The story starts more than two decades years ago, when an expert committee convened by the World Health Organization (WHO) examined associations between BMI, body fat percentage, and risk factors for type 2 diabetes and cardiovascular disease in studies of Asian populations. They found that at similar BMI levels, Asian adults have higher body fat percentages and more metabolic risk factors than White adults. Although the WHO declined to formally establish different BMI thresholds for overweight and obesity in Asian populations, it suggested "additional trigger points for public health action": BMI greater than 23 represents "increased risk" and BMI greater than 27.5 represents "high risk."
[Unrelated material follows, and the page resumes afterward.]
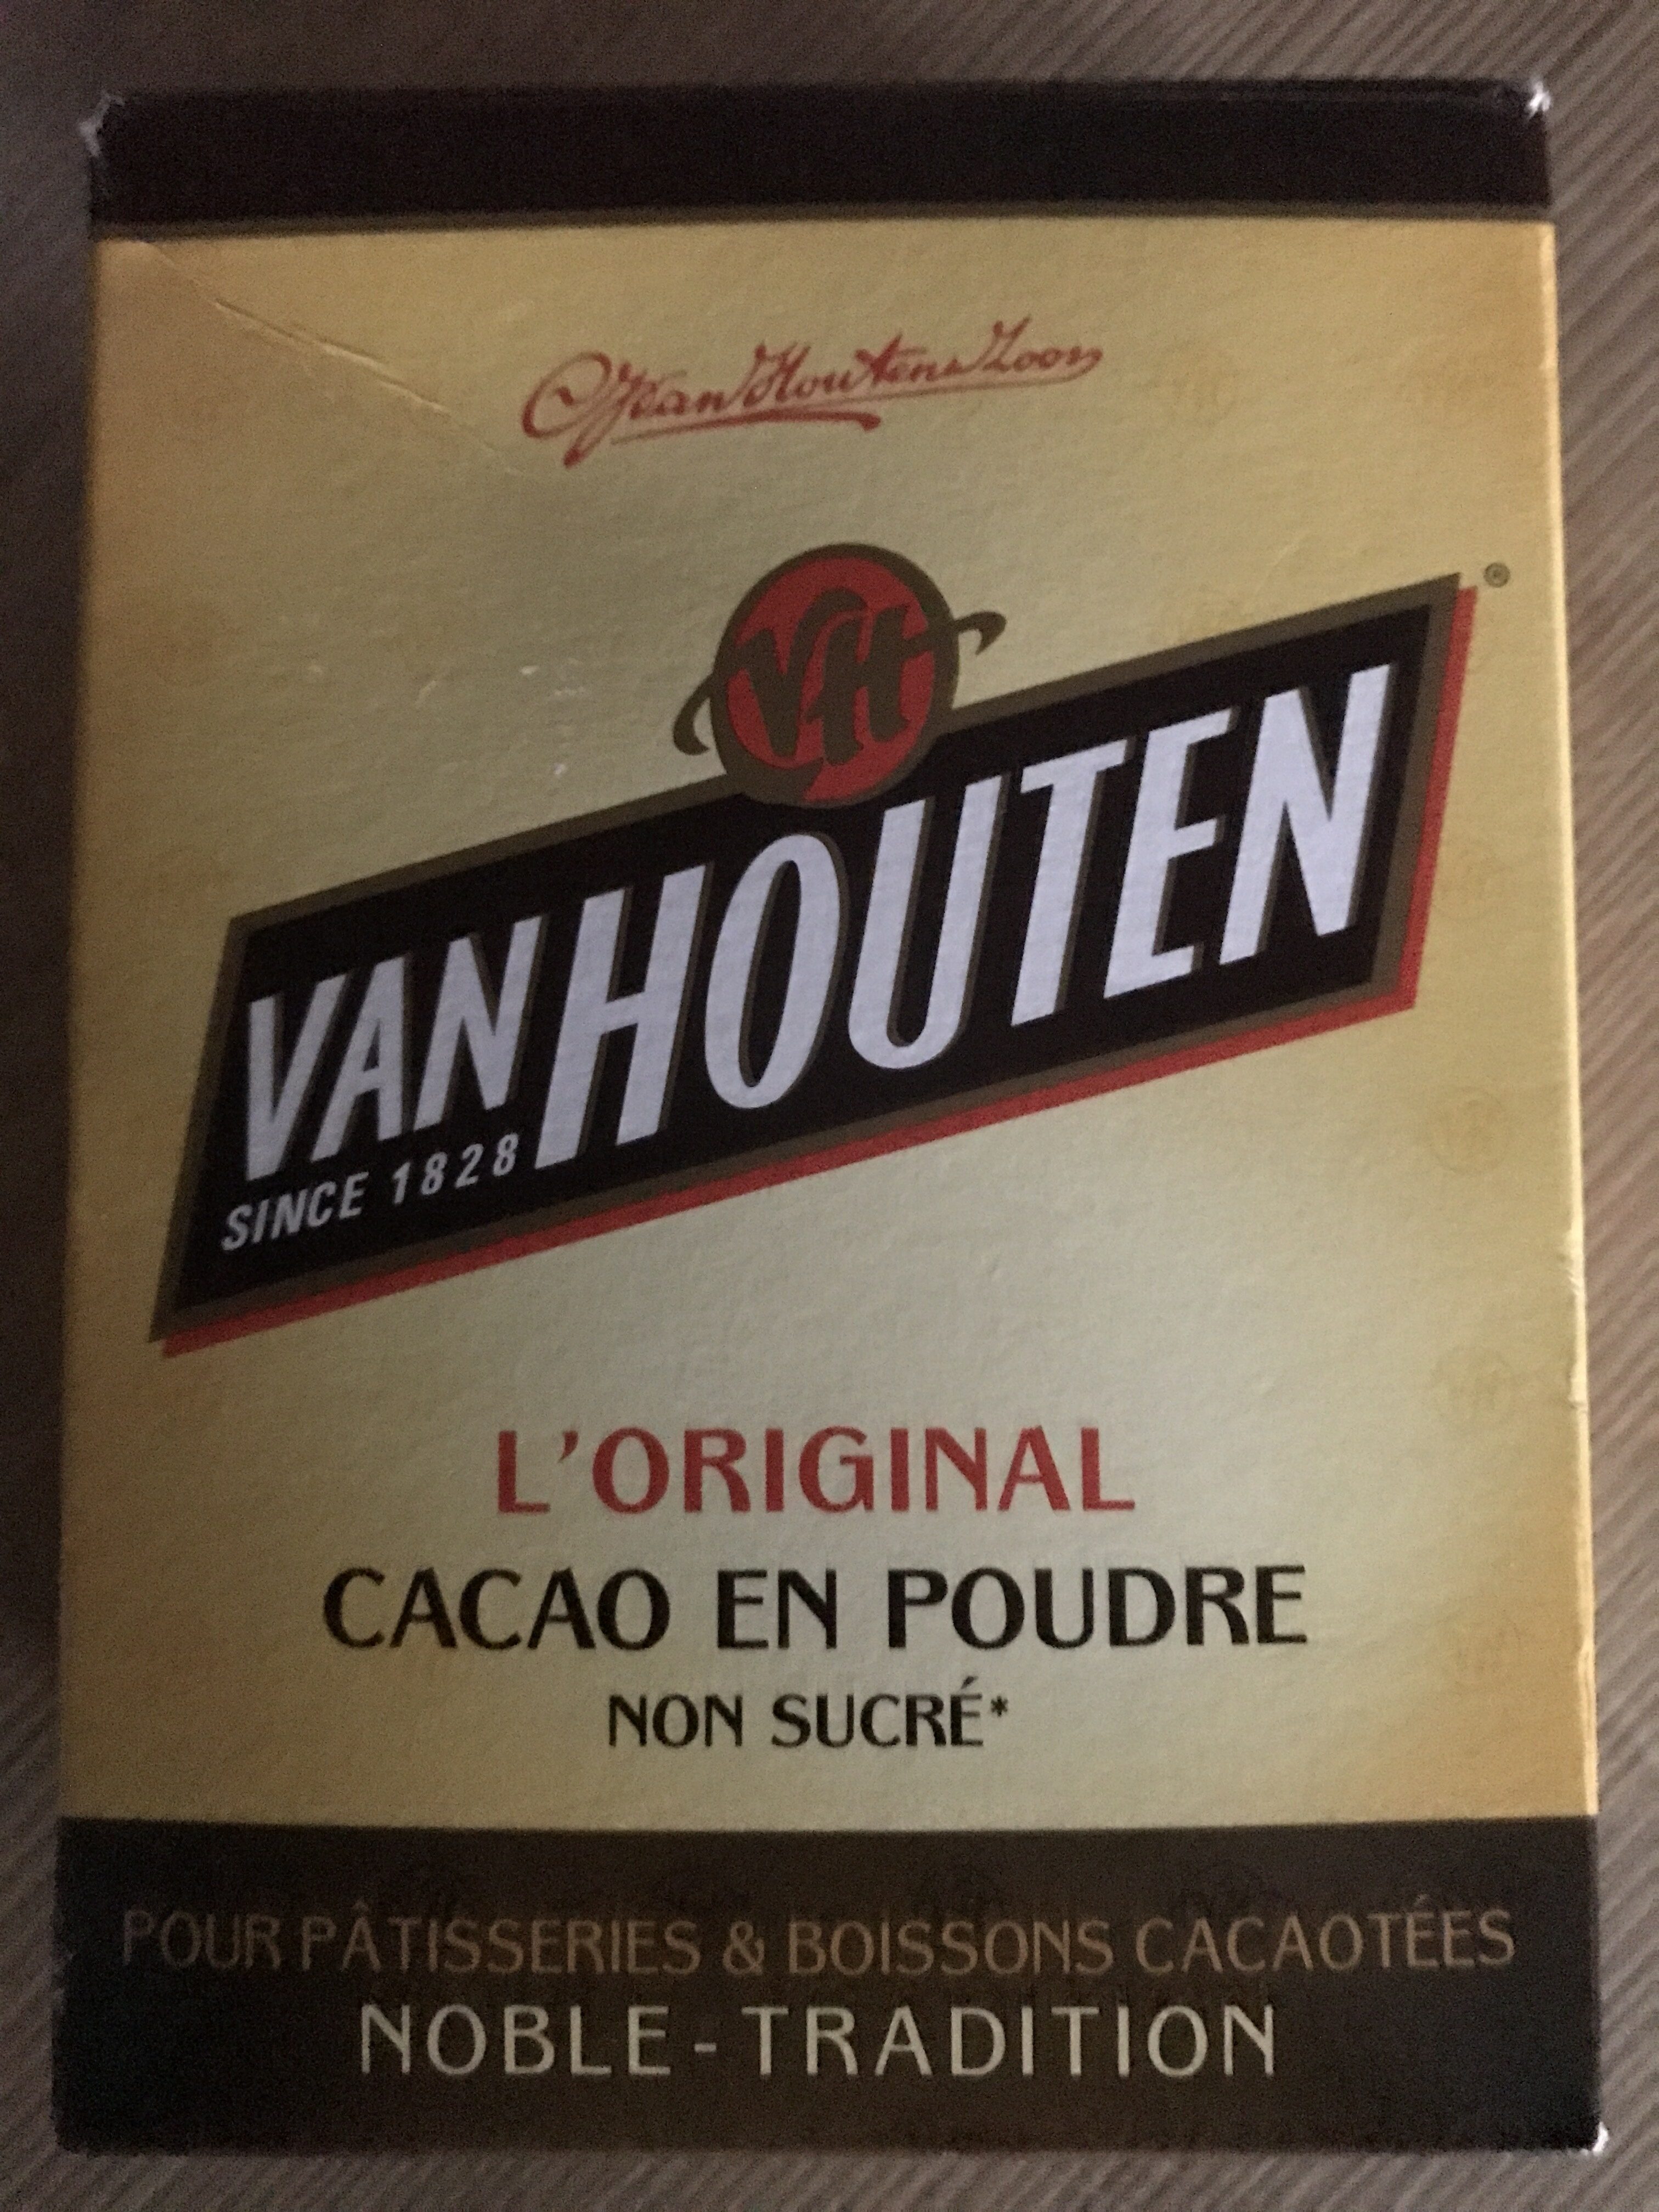 L'Original - Cacao en poudre non sucré - Product - fr

In 2015, the American Diabetes Association (ADA) examined evidence from 4 cohort studies in Asian American populations and concluded that Asian American adults should be considered for diabetes screening if they have a BMI greater than 23, based on the prevalence of type 2 diabetes in this population being roughly equivalent to that in White Americans with a BMI greater than 25. (The U.S. Preventive Services Task Force recommends screening for prediabetes and diabetes in nonpregnant adults aged 35 to 70 with a BMI of 25 or greater, but it alludes to the ADA's lower threshold for Asian Americans in its practice considerations.) Notably, the studies cited by the ADA included virtually no persons of Chinese descent, despite Chinese being the largest Asian American subgroup. So this guideline does not necessarily apply to me.
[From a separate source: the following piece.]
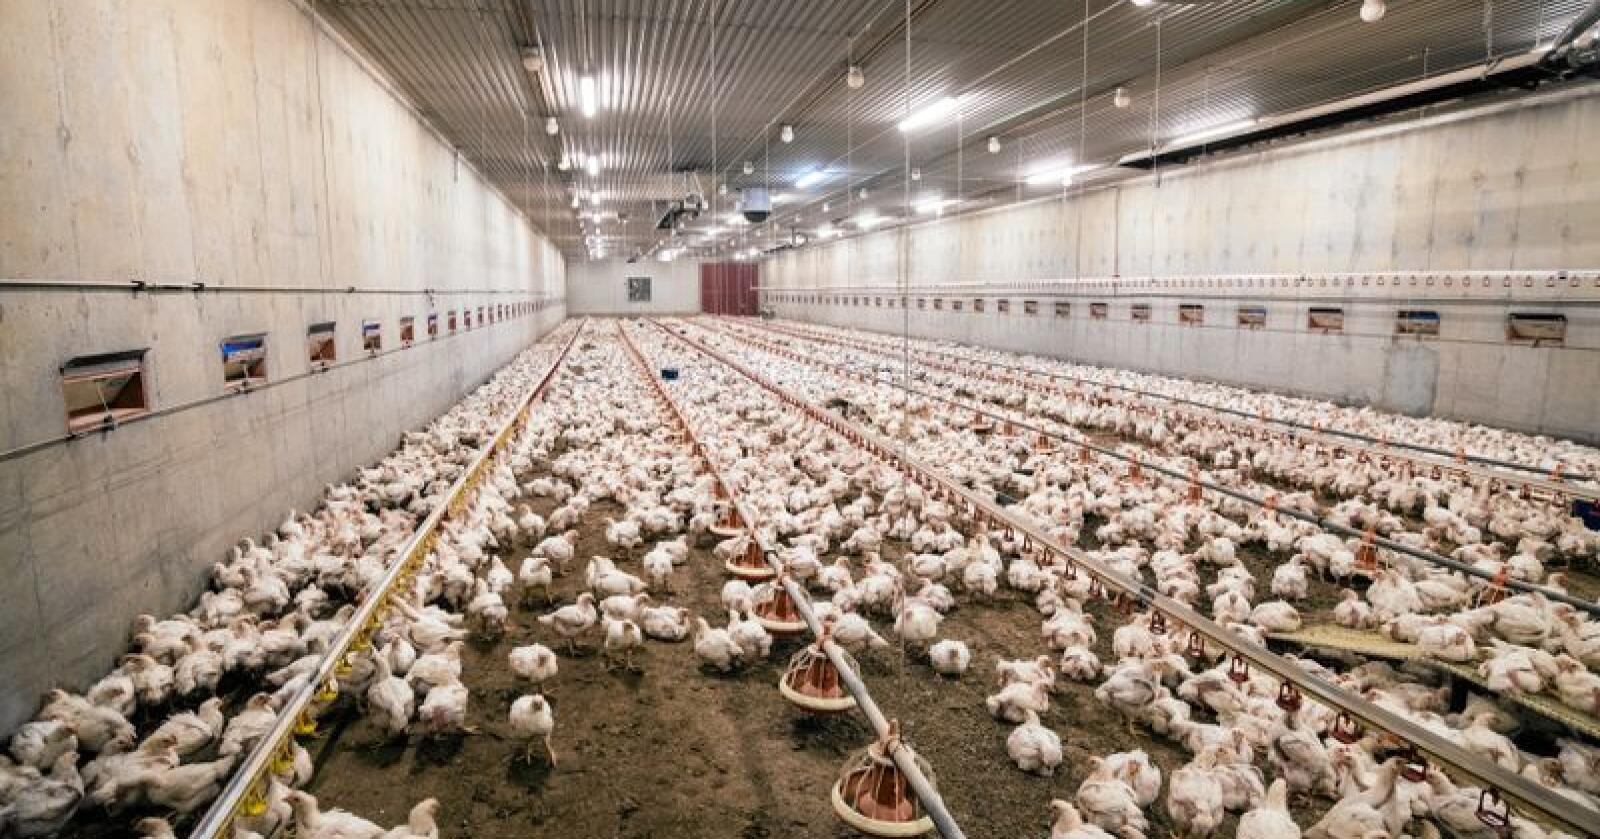 Dyrevelferd: Kyllingnæringa hele tiden i utvikling og gjennomfører forbedringer, skriver innsenderne. Foto: Vidar Sandnes

However, a 2009 study of a large cohort (n=36,386) of Taiwanese civil servants and schoolteachers over age 40 found that all-cause mortality increased significantly at BMIs greater than 25, analogous to the increase in mortality seen in White populations with obesity (BMI > 30). Taiwanese adults with BMIs from 23 to 24.9 had no difference in all-cause mortality compared to persons with lower BMIs but showed a nonsignificant trend toward increased cardiovascular mortality that was not modified by smoking status. That this study suggested a nearly identical risk threshold as studies in other Asian American populations would argue that I am not exempt.

A more recent comparative study of minority populations living in England found that South Asians with lower BMIs had the highest risk of developing diabetes, followed by Arab, Chinese, Black, and finally White populations. Presumably, race and ethnicity were self-identified. Similarly, a 2023 scientific statement from the American Heart Association found that the risk of coronary artery disease appears to be highest among South Asian and Filipino Americans and lowest among Chinese, Japanese, and Korean Americans, but cautioned that limited disaggregated data precluded making clinical recommendations based on race or ethnicity. As a JAMA news article recently noted, the common practice of national surveys lumping diverse ethnic groups into a single "Asian" obscures disparities within those groups and frustrates efforts to achieve health equity.
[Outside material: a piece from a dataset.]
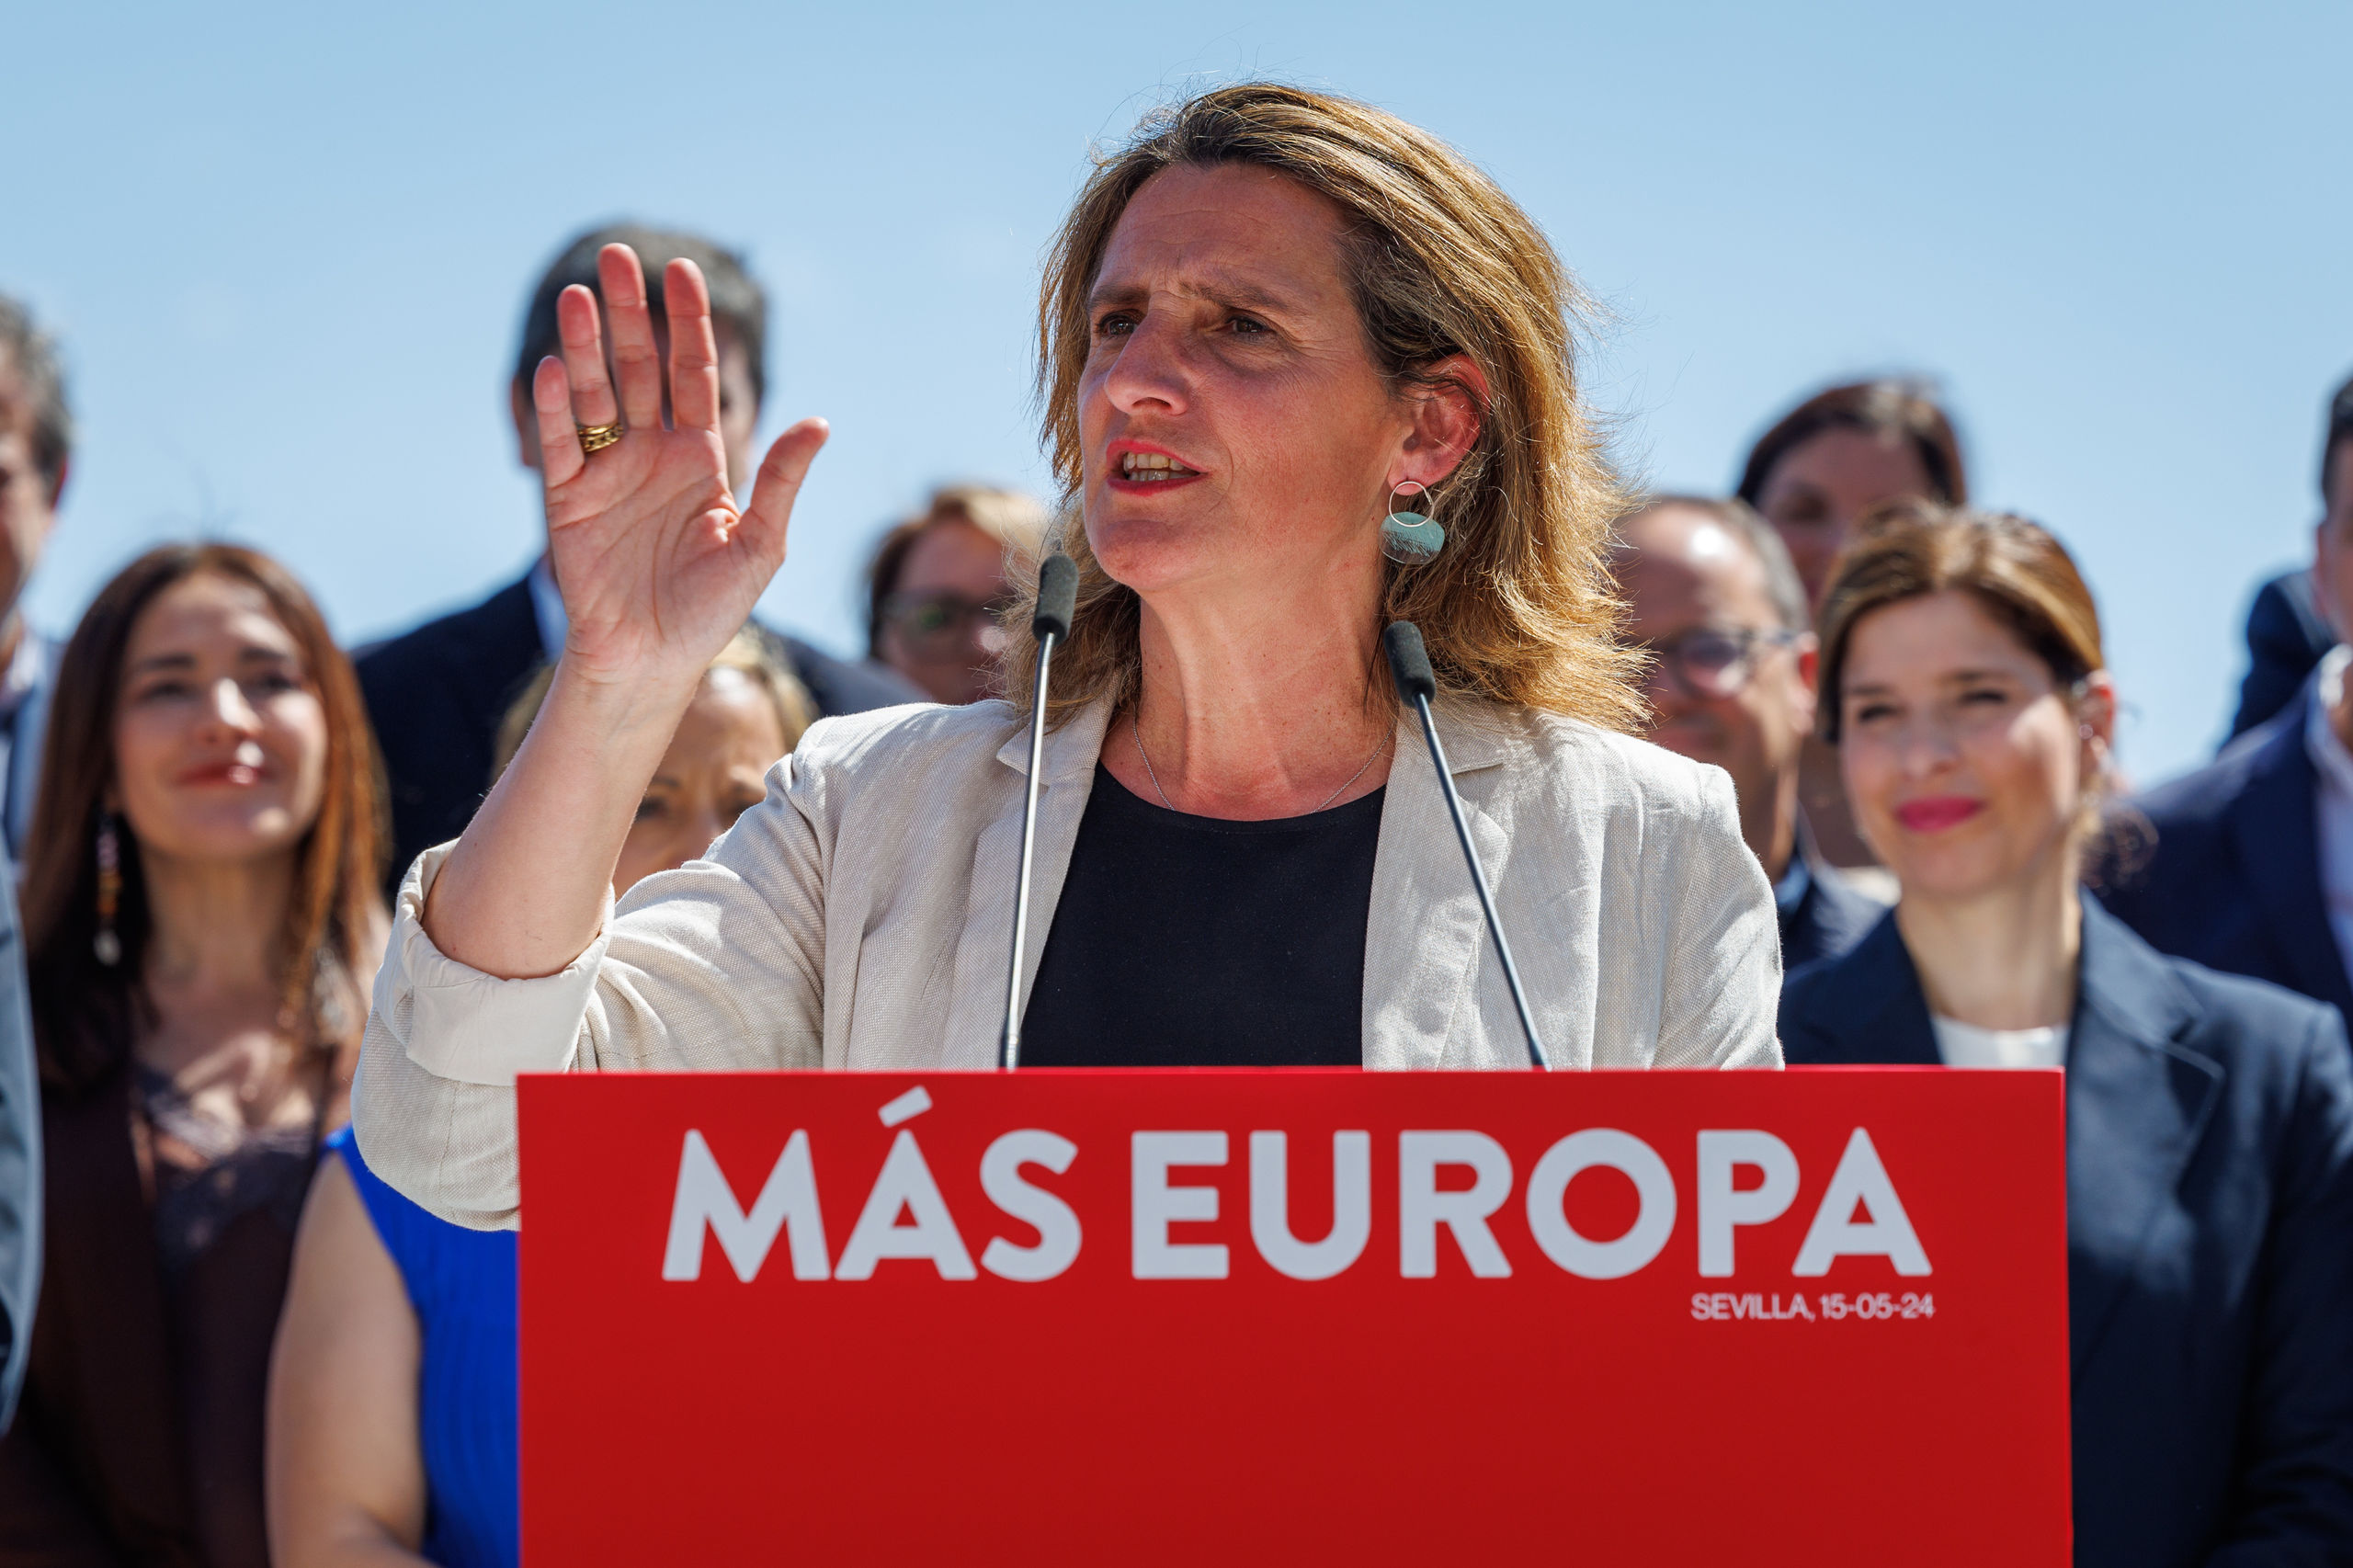 El PSOE prepara una campaña de gran polarización para las elecciones europeas

My admittedly selective review of the data leads me to believe there is probably some value to considering more intensive lifestyle counseling and metabolic screening in Asian patients with BMIs between 23 and 25, like me. But what do we do about the rising numbers of American adults of mixed race? Perhaps "precision medicine" will eventually find a way to integrate genetic and environmental risks and let clinicians dispense entirely with numeric thresholds and race categories, but I would be surprised if this occurs before the end of my career in medicine.